SWIFT Breach – Are You Safe?
WIFT, known as a global networked-financial platform, is used by nearly 11k banks to transfer billions of dollars a day. SWIFT issued warnings to its users on the wake of several recent cyber incidents. The developments that lead to the Bangladesh Bank cyber-heist in particular had far reaching consequences in the industry.
Based on the attack trends we’ve observed for the last couple of months, SWIFT has now become the favoured platform for cyber criminals to commit online frauds.. Bangladesh Bank’s (BB) SWIFT payment system was breached in February 2016. It was reported that the attackers attempted to steal $951m out of which $81m was exfiltrated successfully (Ref: https://goo.gl/TNSdM5).
The BB Breach Breakdown
The technical details pertaining to the breach are yet to be made public. However, from the samples of the toolkit linked with the BB heist and also based on already published data and inferences , it is possible that the attack unfolded in the below manner:
1. The attackers gain access to systems that are linked with SWIFT Alliance application server and install the malware. The malware escalated itself to install as a new Windows service.
2. The malware was designed to decrypt the configuration file (gpca.dat) and to search for terms specific to SWIFT messages / codes.
3. The malware further checks for ‘Login/Logout’ status of the Journal table (authentication table) every hour and sends the result to the attacker’s domain (126.96.36.199) using HTTP.
4. The .prc and .fal files which contain SWIFT Financial Application (FIN) messages have been parsed and scanned by the malware for attacker defined terms. On match, the transfer references and sender addresses extracted to formulate a SQL statement to alter or delete those records.
5. Next, the malware tries to identify and exploit the hosts’ SWIFT applications in order to bypass the validity checks of database applications.
6. During the weekend, a series of SWIFT messages had been transmitted to some other banks for initiating the transfer funds.
7. All confirmation messages from the SWIFT network were monitored by the malware.

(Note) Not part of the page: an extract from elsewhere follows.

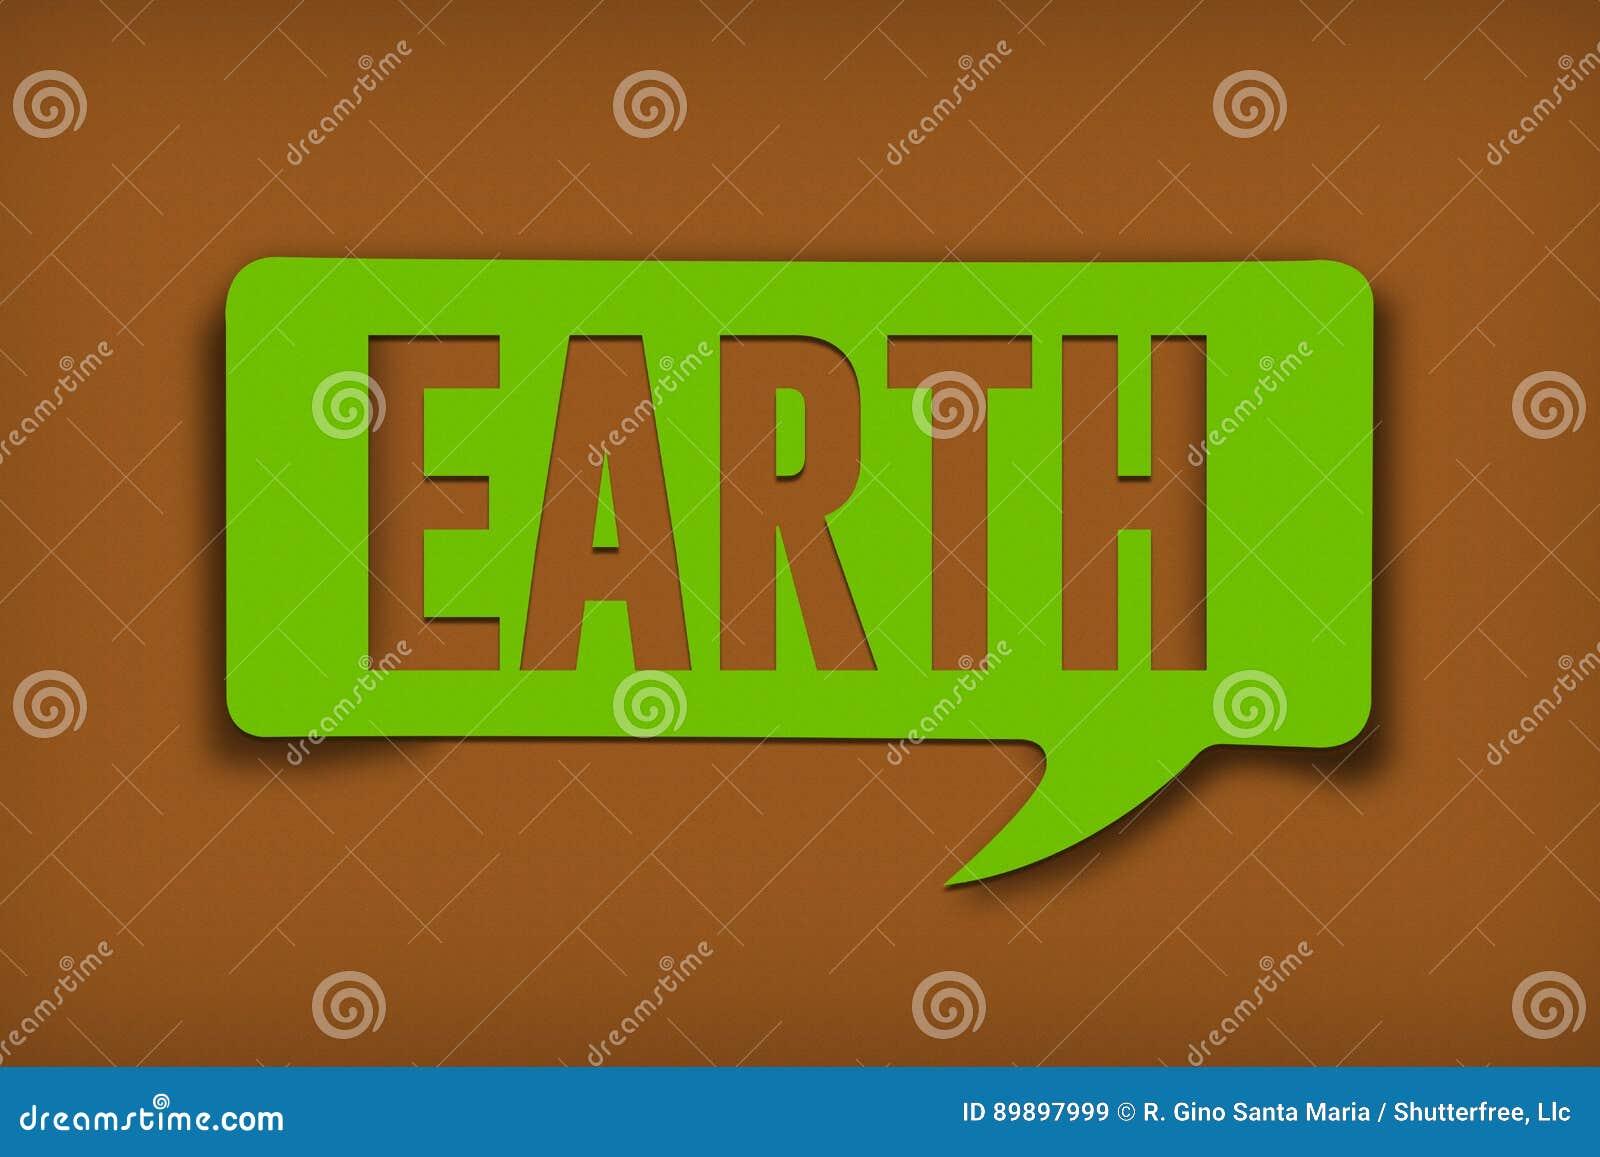 Earth Text Bubble

8. The SWIFT messages sent to the printer were altered or blocked in real-time.
These pieces of custom toolkits were devised with the primary objective of covering the attackers’ tracks. The higher configurability and ability to tune it based on requirements will keep these toolkits open to use for similar attacks in the future.
Check for Similar Attacks in your Network
It is not difficult to imagine that similar attempts will be made to exfiltrate money from the other 11,000 financial institutes that are participating in the SWIFT network. Hence, more agile monitoring of SWIFT Servers, applications and linked systems are needed. The below table helps you look for similar threats in your network via your Security Operations Centre or SOC.

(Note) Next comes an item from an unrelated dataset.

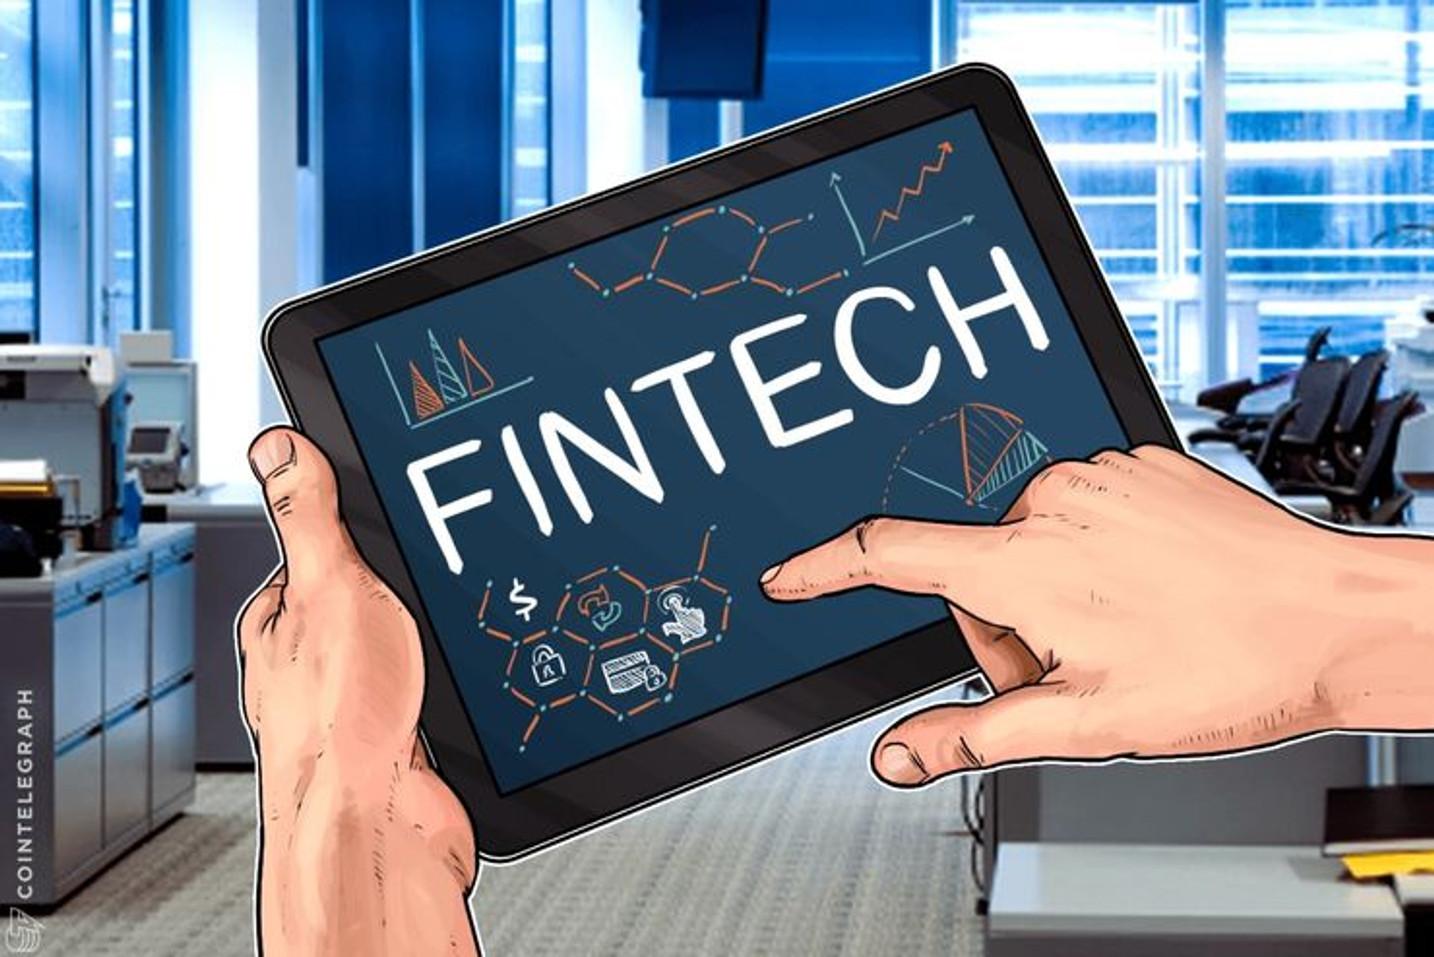 La Asociación Española de Fintech e Insurtech anunció que aspira a un crecimiento del 35 por ciento en 2019

It is true that security controls of SWIFT have never been compromised. However, successful manipulation of Bangladesh Bank’s infrastructure holds significant learning for all of us, and highlights the importance of having effective, round the clock monitoring, which could minimise the impact of such breaches. Additionally, having a tamper-proof, centralised event logging facility, and the ability to highlight if logs are missing could be a part of an effective security posture.
It is evident that cyber criminals are using sophisticated attack techniques. Businesses and network owners, however, are not keeping up with this pace. To prevent a reoccurrence of the SWIFT breach, businesses should adhere to a defence-in-depth model, deploy hardware-based authentication techniques (extra measure), and implement 24/7 security monitoring.